* Supplied material:

-- Opening Marker --

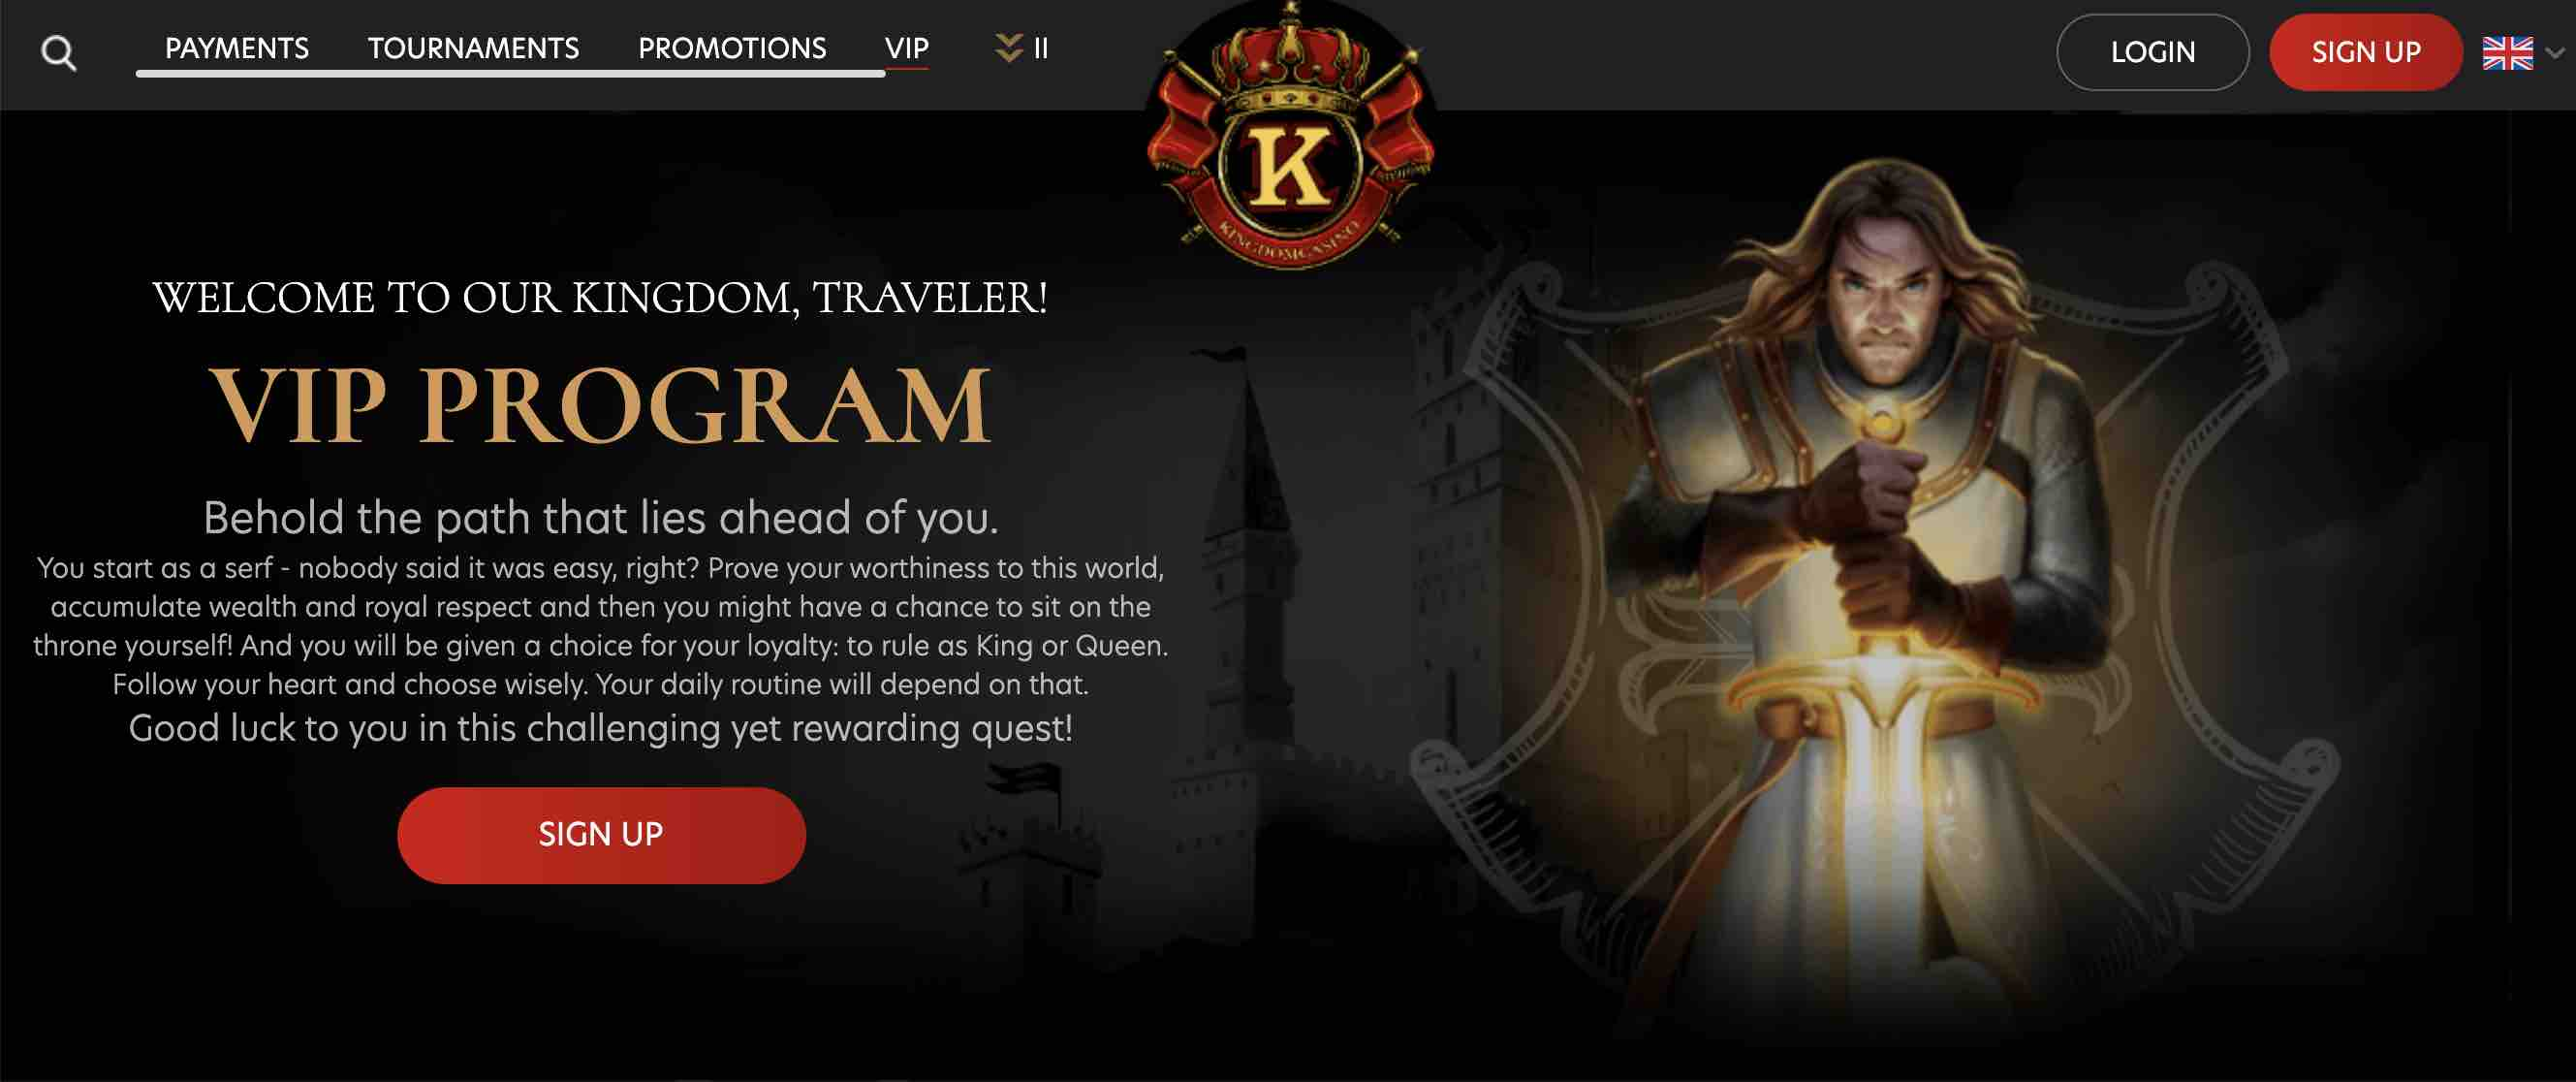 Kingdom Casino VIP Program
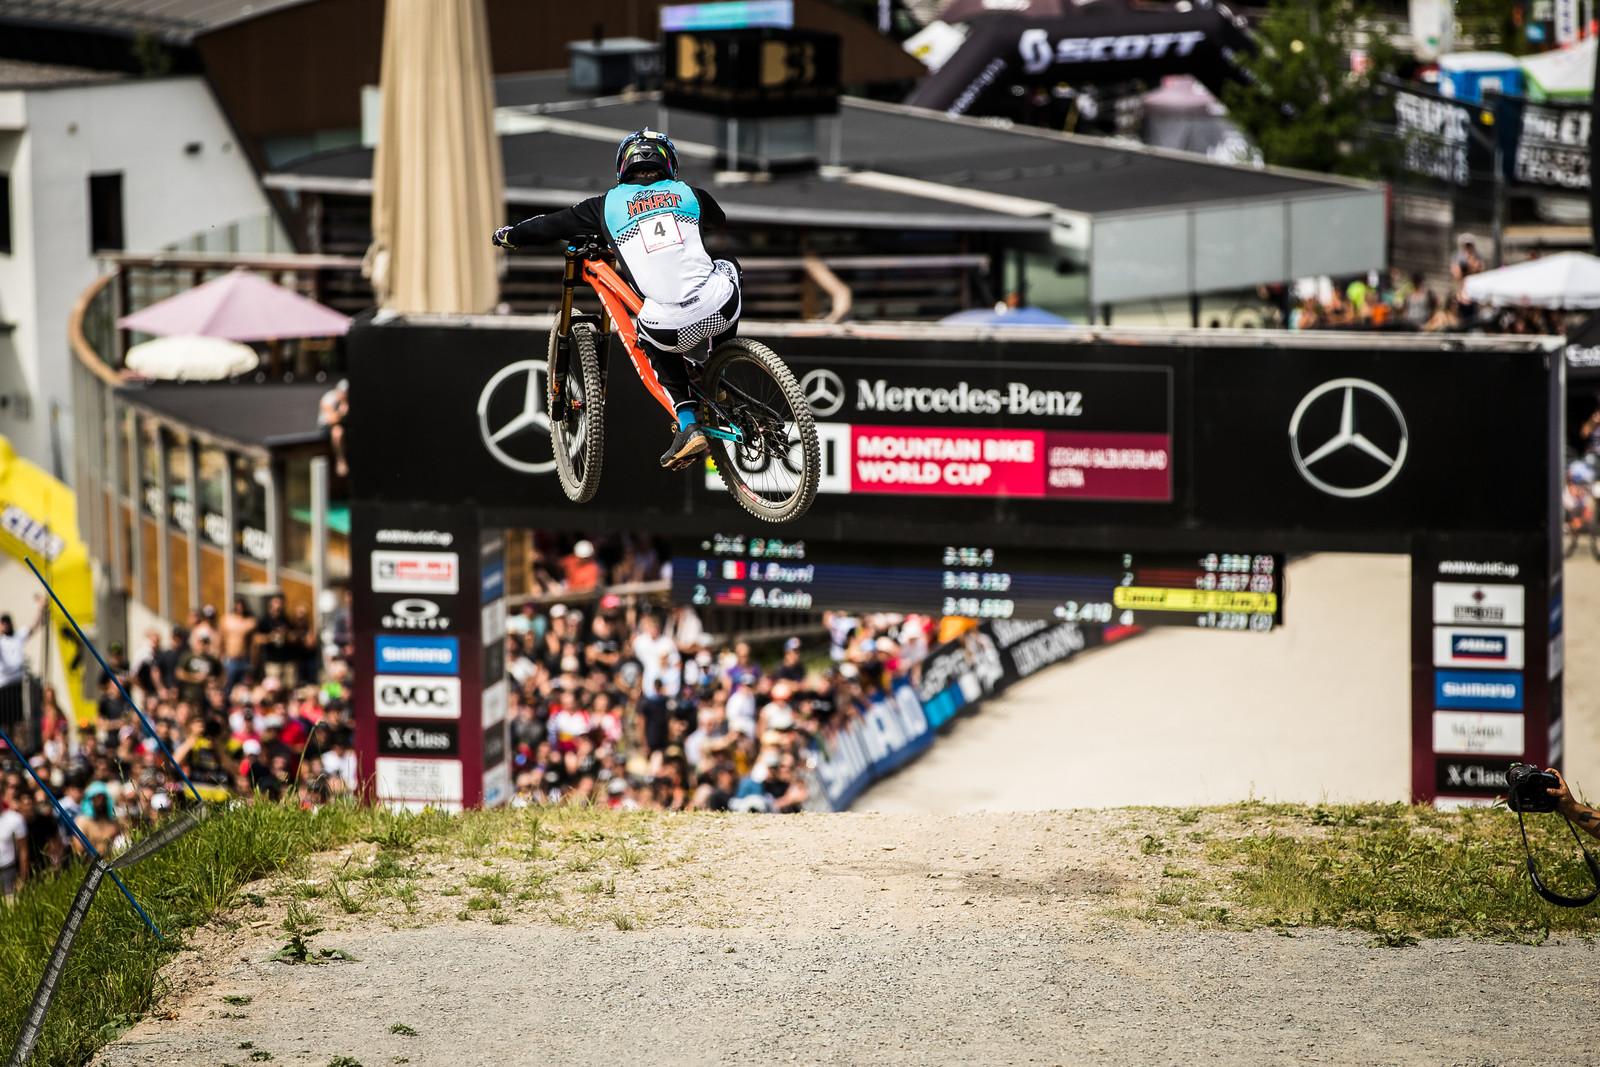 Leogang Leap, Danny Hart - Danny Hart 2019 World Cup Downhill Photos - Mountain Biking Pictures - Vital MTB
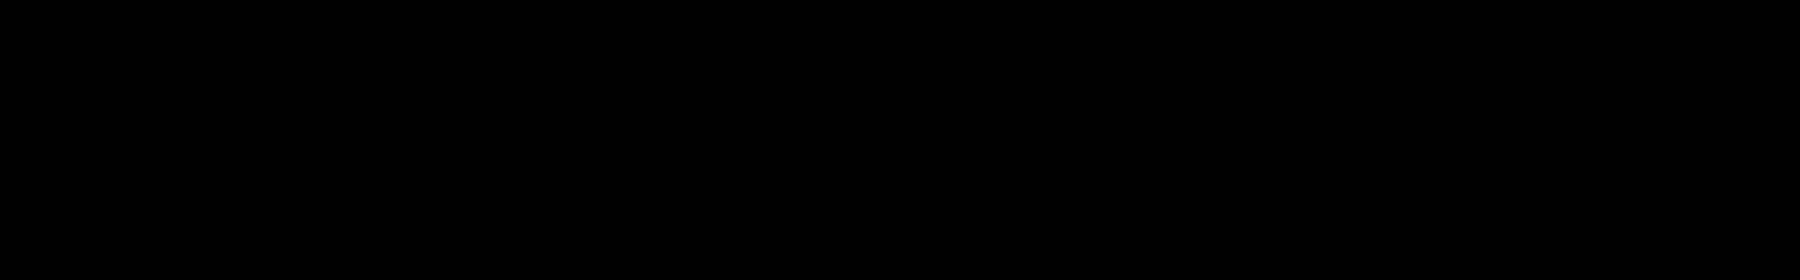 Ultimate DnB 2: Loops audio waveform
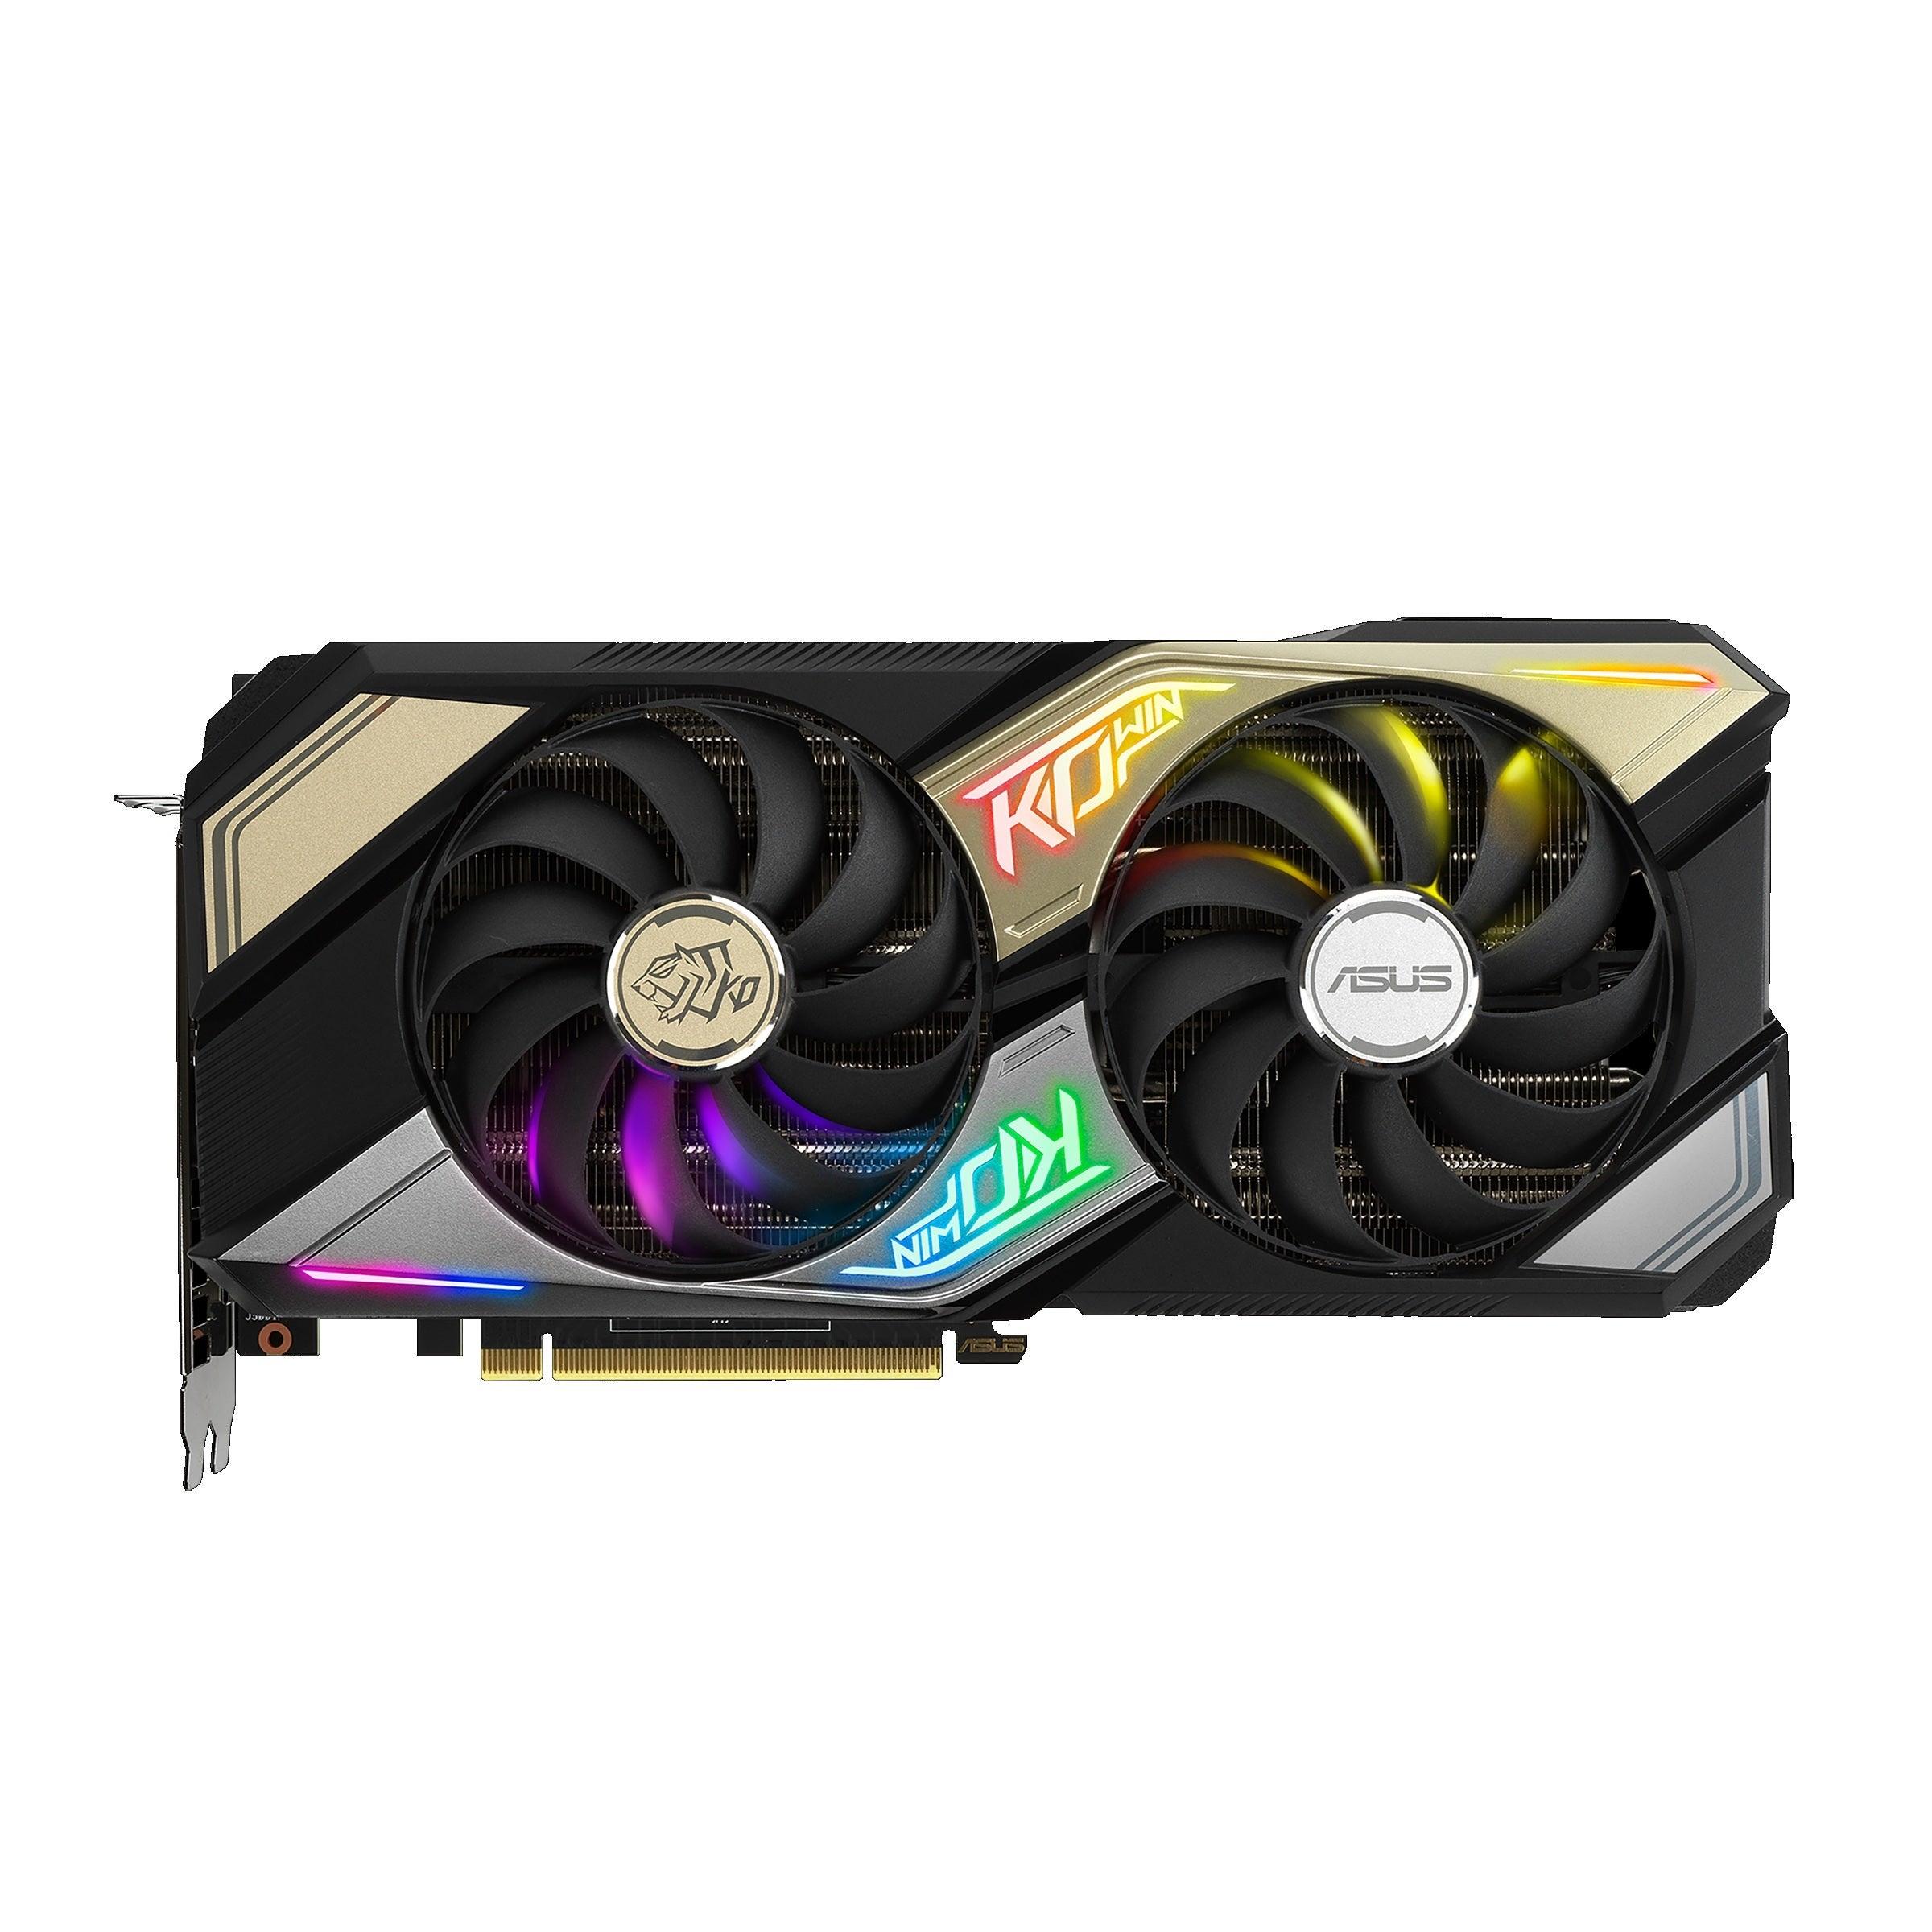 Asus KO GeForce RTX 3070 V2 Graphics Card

-- Closing Marker --

* What the task requires: The lines from the one containing "Ultimate DnB 2: Loops audio waveform" through the final line of the data are to be repeated exactly, with both ends included and all pictures left out.

* Exercise result:
 Ultimate DnB 2: Loops audio waveform
 Asus KO GeForce RTX 3070 V2 Graphics Card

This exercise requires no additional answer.